Dave Nick: a Personal Reminiscence
I joined the Crake Valley club in about 2005, so the first half of Dave’s playing career is something I know only by hearsay. I know he wandered into the club out of curiosity because he lived half a mile away. I know he showed an instant aptitude for croquet: so great an aptitude that Gail Curry (at that time a leading figure in the women’s game) would come over from the North East on her motor bike, on a regular basis, in order to coach him. And I know he took part in the 24-hour game between Crake and Southport, floodlit through the night by car headlights, and won by Crake.
By the time I joined Crake, Dave was long established as its best player, and one of a handful of top players in the North West. I had played croquet for 20 years before coming to live in Cumbria, and with a handicap of 0 or thereabouts thought I understood the game, and was quite good at it. Playing A class doubles as Dave’s partner quickly taught me two things: the first was that I knew far less about the game than I had thought I knew. At the end of an opponent’s turn he would walk on to the lawn, take a quick glance at the balls, and immediately suggest two or three or half a dozen lines of play, none of which would have occurred to me in half a lifetime.
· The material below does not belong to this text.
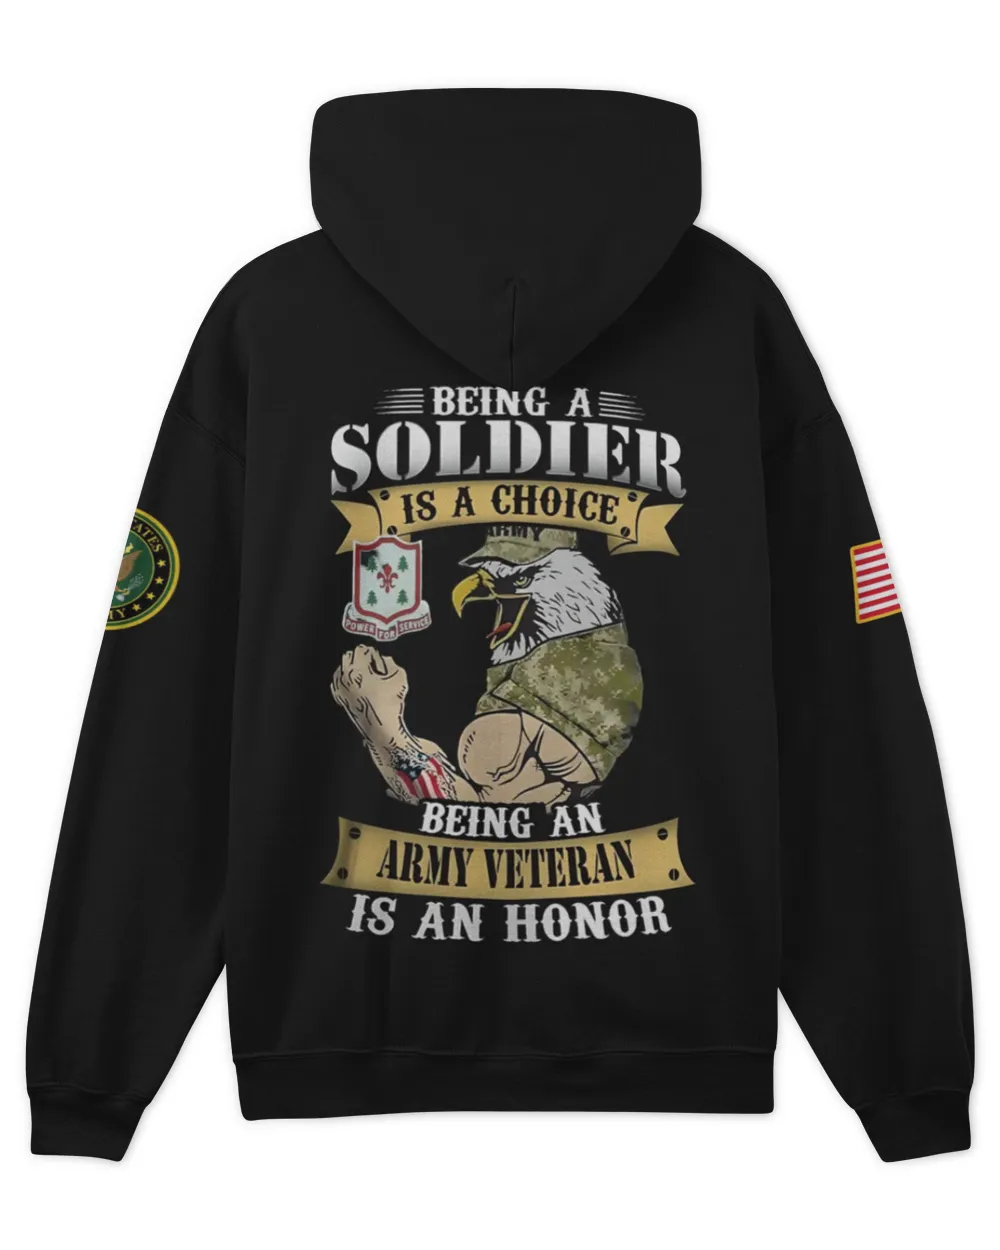 43rd Engineer Battalion  Tshirt

The second thing he taught me was how enjoyable croquet can be. ‘A’ class tournaments, where you don’t know very many of the participants, can be intimidating. Enjoyable if you are playing well, but otherwise pretty lonely. I never really enjoyed the game before I came to Crake. In my experience, and a lot of people in the North West would say the same, a tournament where Dave was playing was a whole lot more fun than one where he wasn’t; and that was even more true of a tournament where he was managing. I’ve watched him managing tournaments at Crake, and it was clear that for him, there was a whole lot more to it than getting all the games played in the time available. He really wanted everyone taking part to go away feeling they had had an enjoyable weekend.
My guess is Dave left school at 14, and had no formal education after that. But he was probably the most intelligent and quick-witted person I have known. Quicker and sharper than other people when it came to seeing possibilities in play, and equally quick and sharp when it came to possibilities for humour. I remember an end-of-season Crake do, when he was chairman of the club (a job he hated). He was drawing the raffle prizes, and it turned out I had the winning ticket for the last prize. ‘Oh good,’ he said without hesitation, ‘I’m glad he’s won something.’ Fractional pause. ‘He hasn’t won anything else this year.’
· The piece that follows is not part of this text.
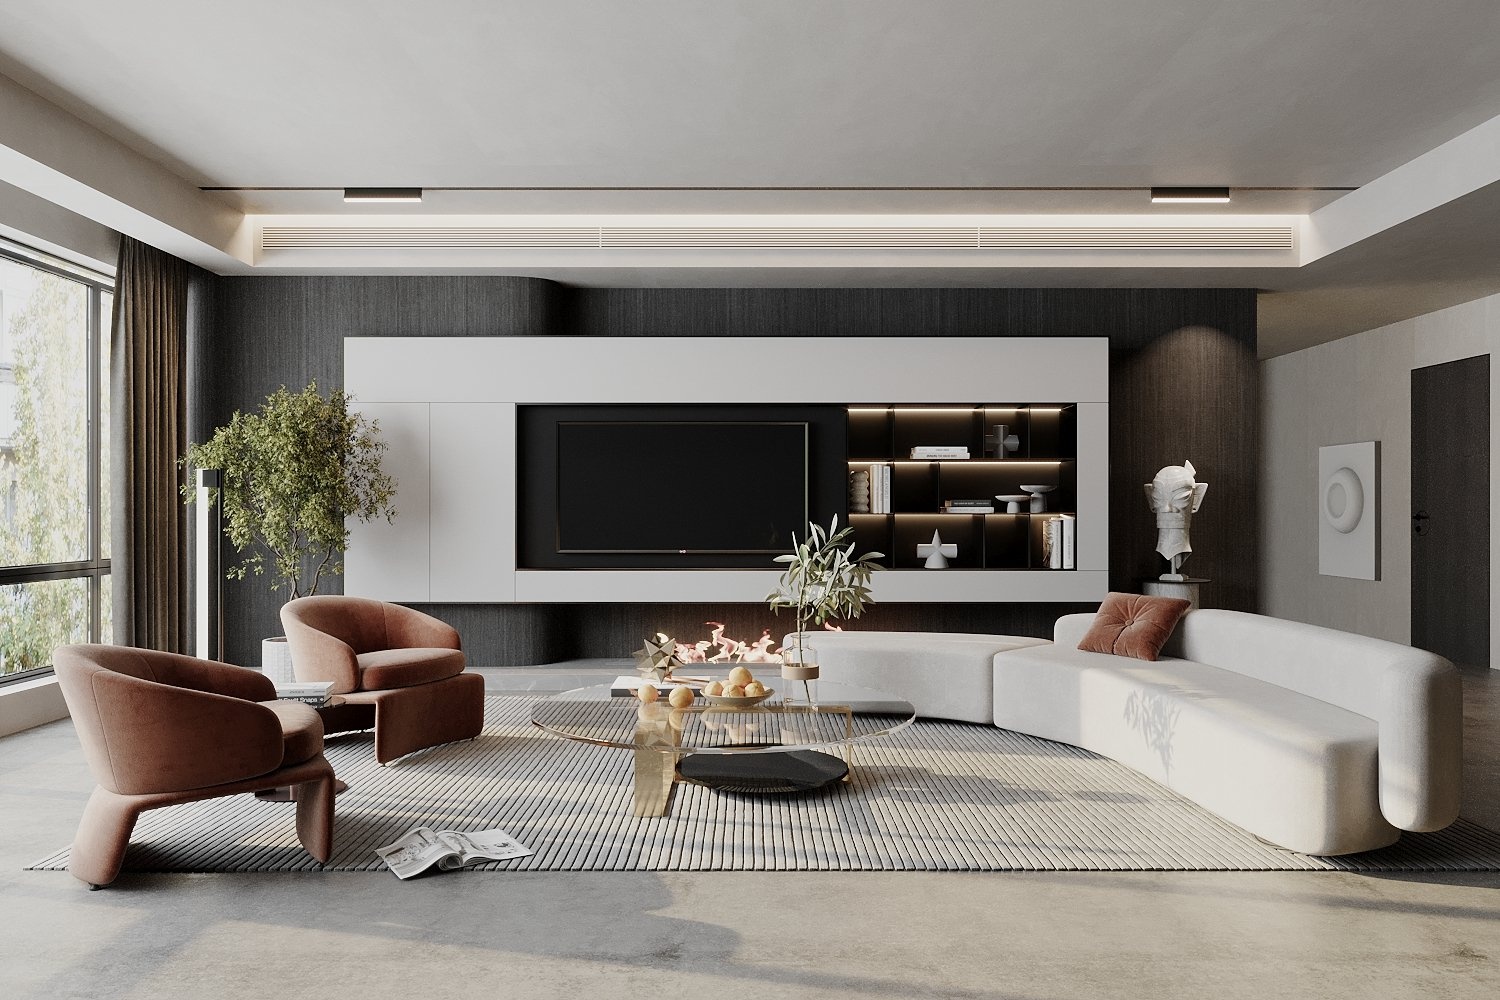 Gợi ý phong cách nội thất phù hợp cho không gian phòng khách 20 - 30m2

He was also one of the strongest people I have known. Powerfully built, he spent most of his working life at the Burlington slate quarry, which no doubt accounted for the power of his croquet strokes. On a waterlogged lawn after hours of rain, he could roll both balls from corner 4 to corner 2 in conditions where most of us wouldn’t get a single ball much past the peg. I also remember one time putting up a couple of fence posts with him. It’s the only time I have ever seen someone take a fence post in one hand and a sledgehammer in the other, and knock the post into the ground like a nail into a plank of wood. He said once he would have liked to try highland sports, tossing the caber for example. I don’t know what the caber equivalent of a triple peel is, but I have no doubt he would have quickly mastered it.
How good a player was he? Hard to assess, beyond saying very good indeed. He played with a light touch, with great finesse, possibly sometimes making errors through carelessness which a cruder player might have avoided. He was a wonderful player to watch, making difficult lines of play look easy, and doing things the point of which became clear only some considerable while later. The very top players in the UK probably made fewer errors, but I don’t think they ever regarded him as an easy player to beat. One year he played for the North West in a warm-up match against the visiting Australian test team. It was early in their tour, and maybe the Aussies were short of match practice, but Dave in the course of a weekend won two out of three best-of-threes against them.
I have mentioned a number of Dave’s qualities and characteristics. But I have left the most important until last. It wasn’t just that he was sharp, clever, funny, and a brilliant croquet player; he was also one of the kindest people I have ever known. I have seen him, against someone playing in his first tournament who had quickly lost his first game, make a deliberate mistake (disguising that it was deliberate) because he didn’t want his opponent to lose his first two tournament games without having taken croquet. He is the only person I have seen do such a thing in a serious competitive game.